The ocean in my backyard, lush jungles, tourist destination beaches.
Guam is home to 170,000 people and about 30 miles in length.
We are a US territory.
The CHamoru people are the indigenous people of the Mariana Islands.
And although I am CHamoru myself, I, like so many others, do not speak the CHamoru language.
That's because it's dying.
Only 5% of people under 30 still speak it.
I'm grappling with how to keep our native language alive for myself and for my kids, so that the language of our people doesn't end with a whisper.
(upbeat music fades) (gentle music) I don't know if the CHamoru language really influenced my upbringing.
I grew up on MTV.
- I want my MTV.
[Brian] VH1.
♪ VH1 ♪ So, I was watching a lot of music videos.
I actually associated myself as an American, even, yes, I am an American, but I didn't think of this CHamoru people.
I didn't imagine when I was a child that I was part of a specific culture 'cause I thought we were just generalized American, especially the media I was consuming.
There wasn't any CHamoru cartoons or CHamoru programming at the time for kids.
So even as a kid, you know, you put importance into things that your parents put importance to, right?
So it's like education, "Make sure you get good grades."
So, CHamoru...
I don't think I really felt CHamoru or understood what that was until I had to take it, actually, in elementary school.
(soft piano music) When I think of the language, I think of her.
My grandma is gonna be one of the last people that really speak it, you know?

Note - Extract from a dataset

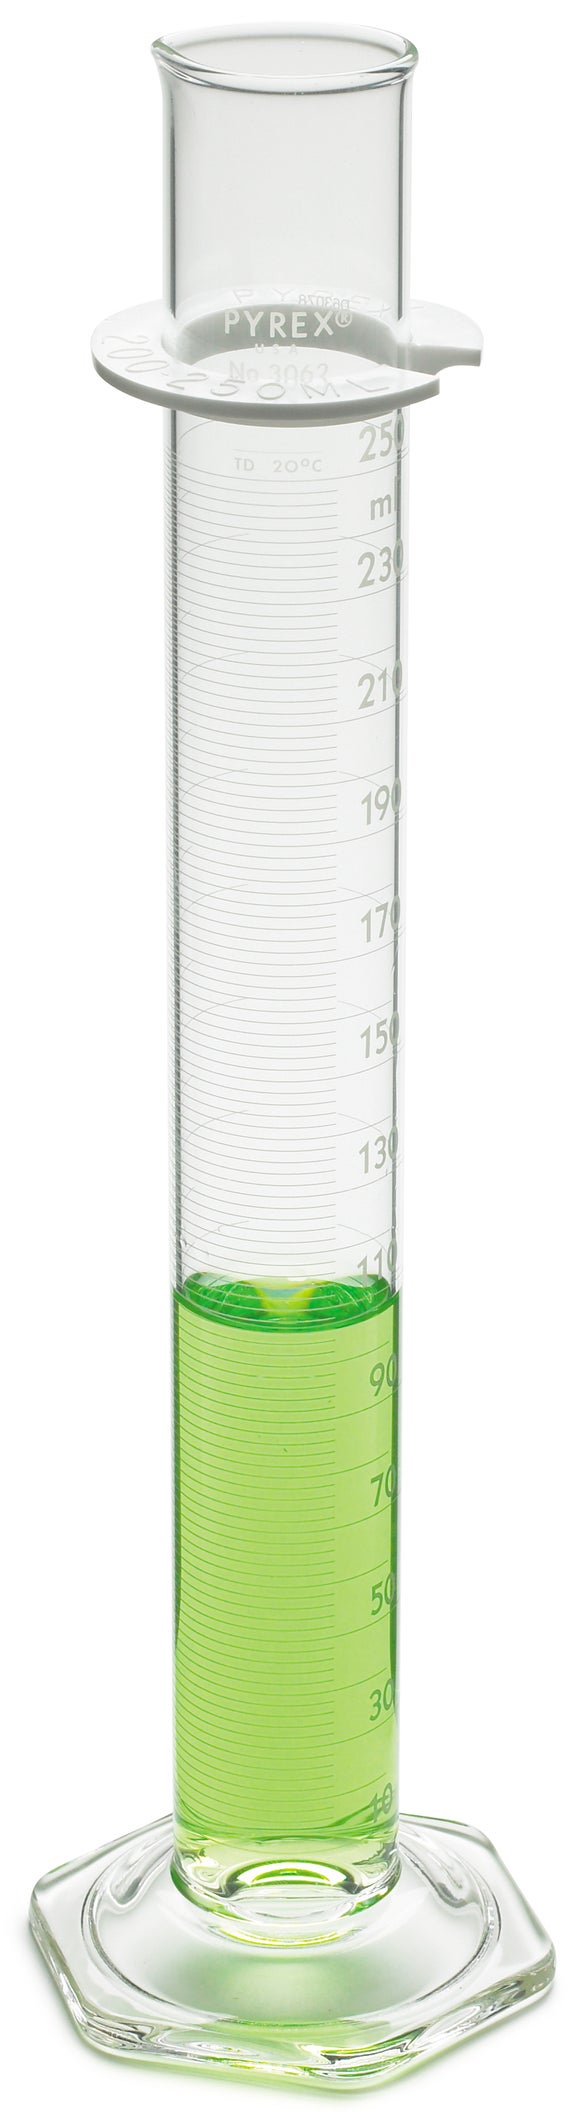 Cylinder, Graduated, 500 mL, Certified

(soft piano music continues) And I have two sons.
Yeah, they're Filipino CHamoru.
- Whee!
[Brian] But I feel like if it dies with my mother and my grandmother what left do I have to give to them of their culture?
(grandma giggles) How about ocean?
Ocean?
(soft music fades) [Michael] In the 20th century though, that's when the CHamoru language starts to become threatened.

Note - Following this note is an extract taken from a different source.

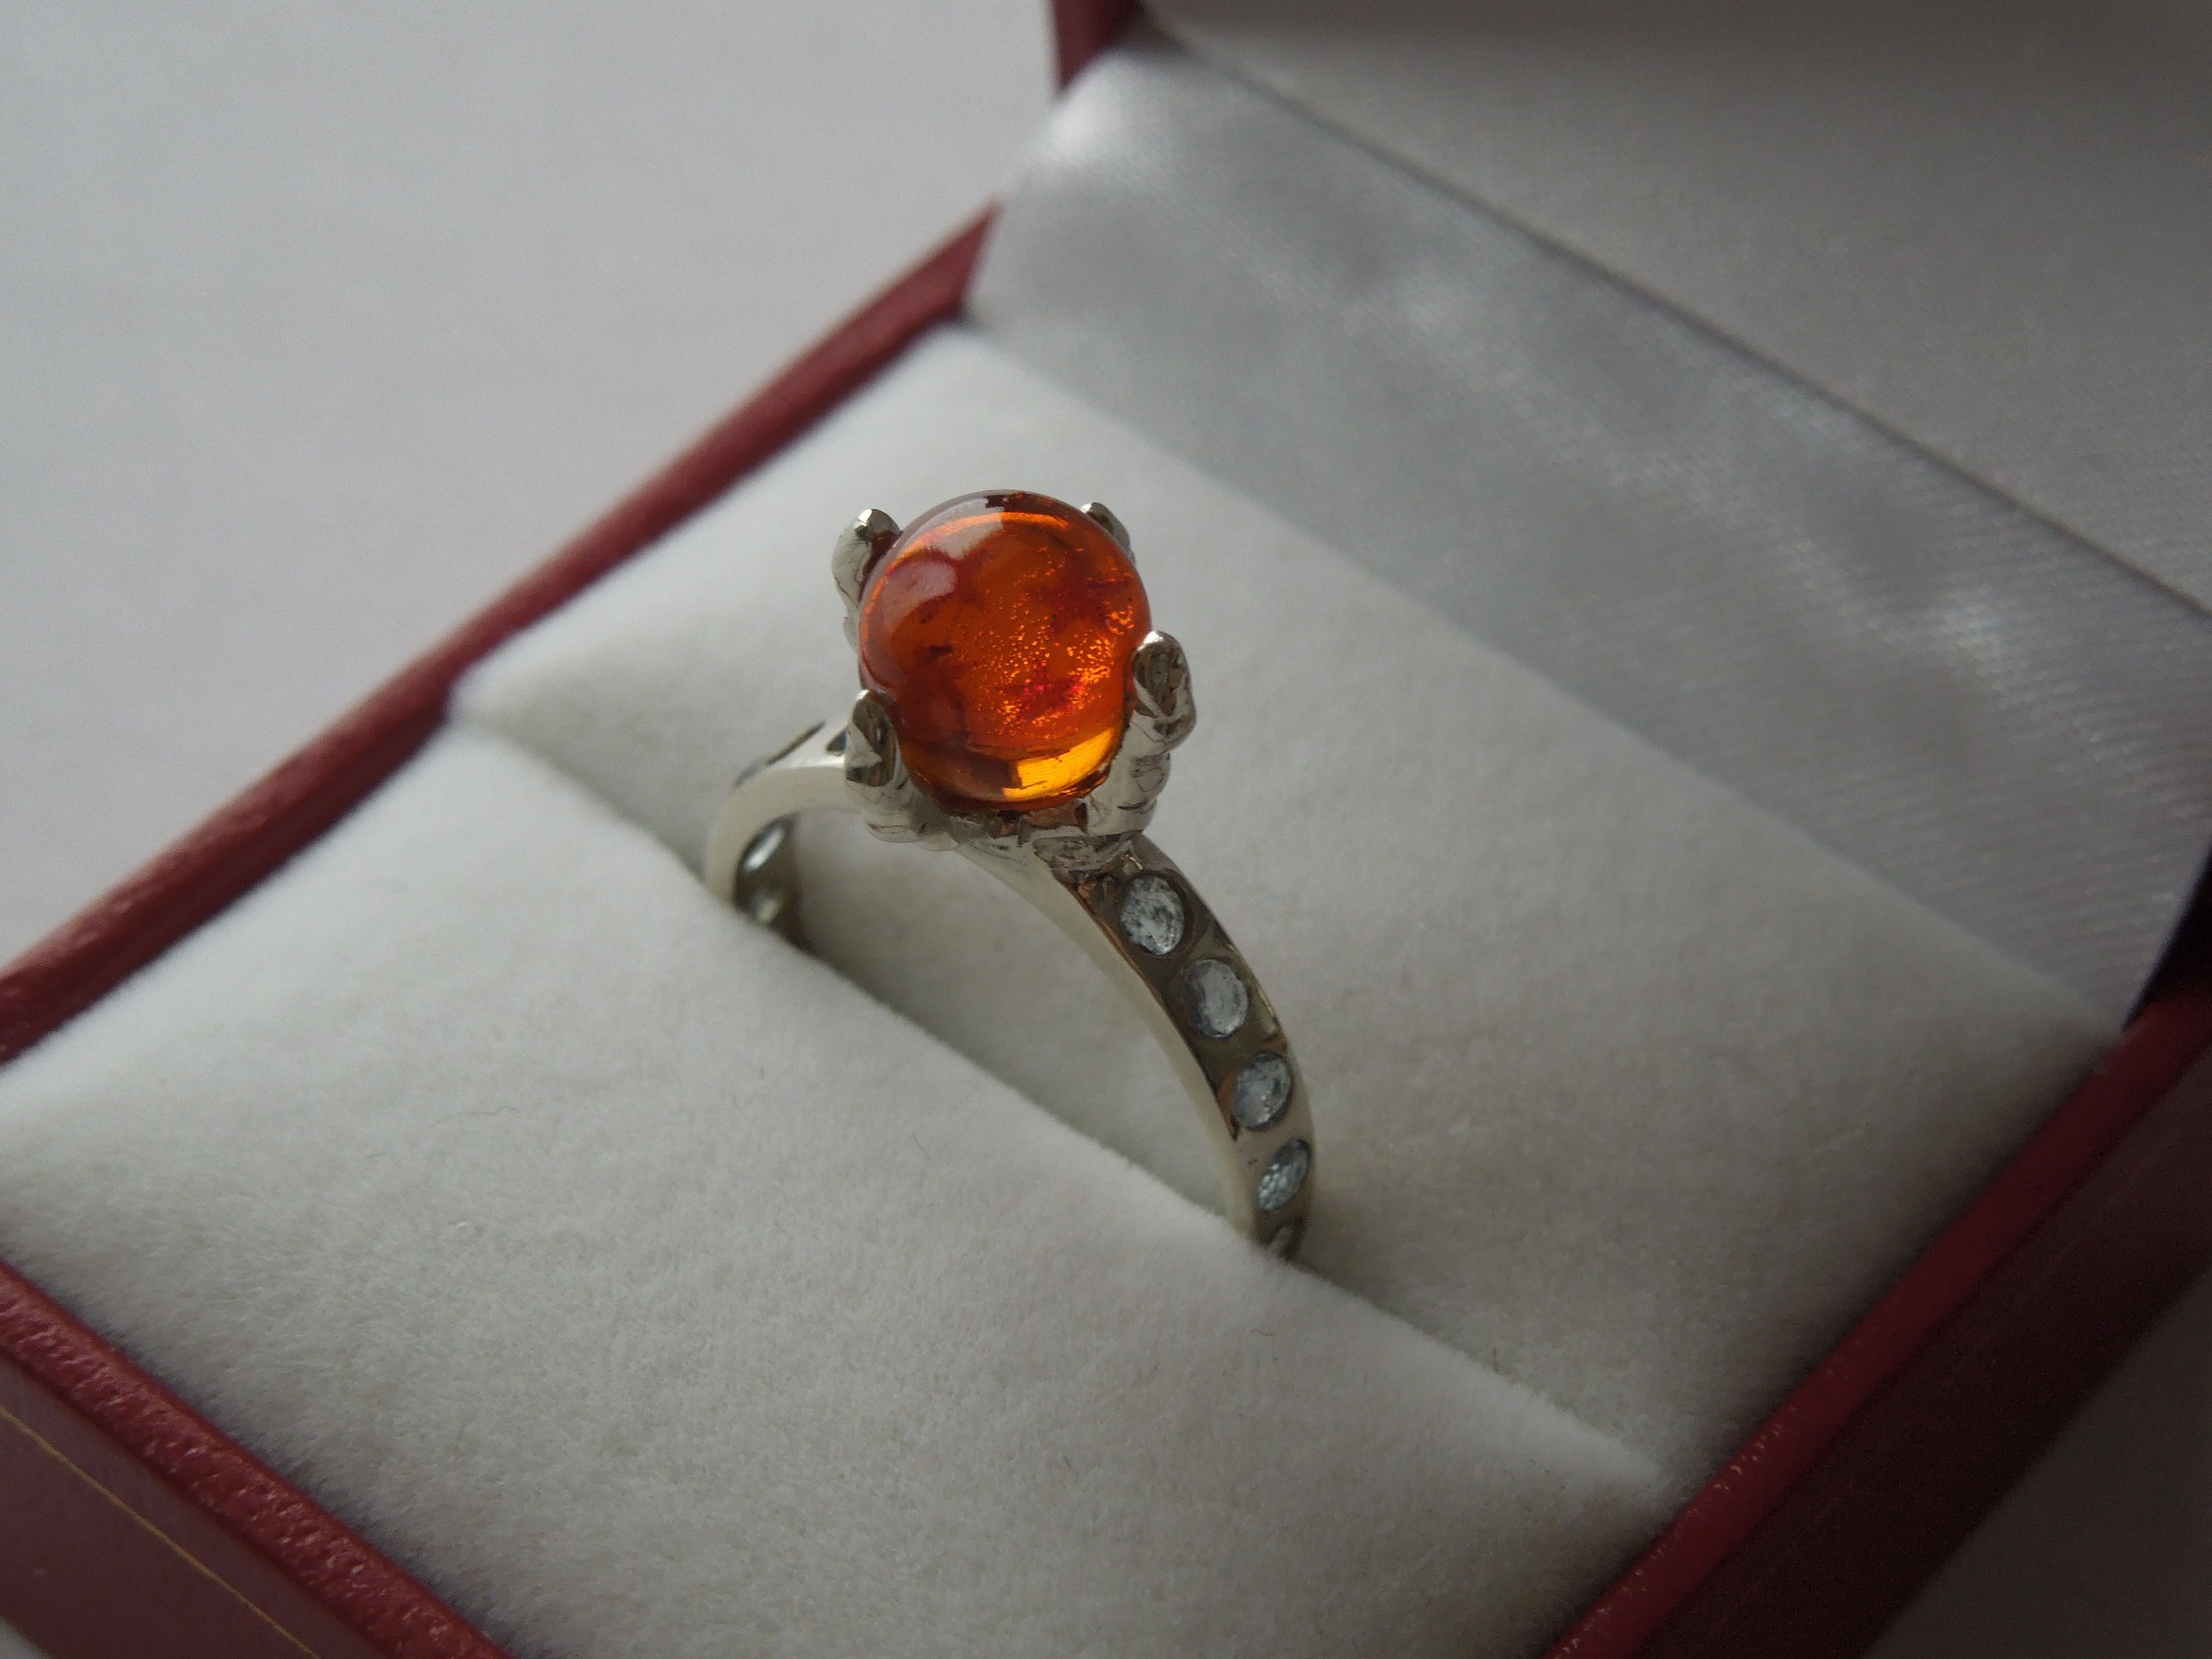 Custom Dragonball Z Engagement Ring by Cicmil Crowns | CustomMade.com

When the United States arrives, one of their major things that they wanna focus on is the eradication of the CHamoru language.
And so, one of the main reasons why the CHamoru language starts to decline is sort of the connection where you have the punishments, that CHamorus experience for speaking CHamoru, combined with pressures to Americanize and to assimilate into American culture.
And so we cannot really understate how significant the impact is to have two generations, three generations of students go through a school system where the language you're learning at home, you go through multiple years of schooling and if you say even the word you get slapped on the hand.
You have to pay your lunch money as a fine.
You have to drink castor oil or wear a sign that indicated that they were a bad student or that they were stupid because they had spoken their native language.
After World War II, the language continues to decline, because the policies that the US Navy created where they had banned CHamoru in schools, they continued.
(somber music continues) Even though the US Navy was no longer in charge of the island, a civilian education system continued to keep those policies in place up until 1970.
It's really unfortunate because this language has been around for thousands of years.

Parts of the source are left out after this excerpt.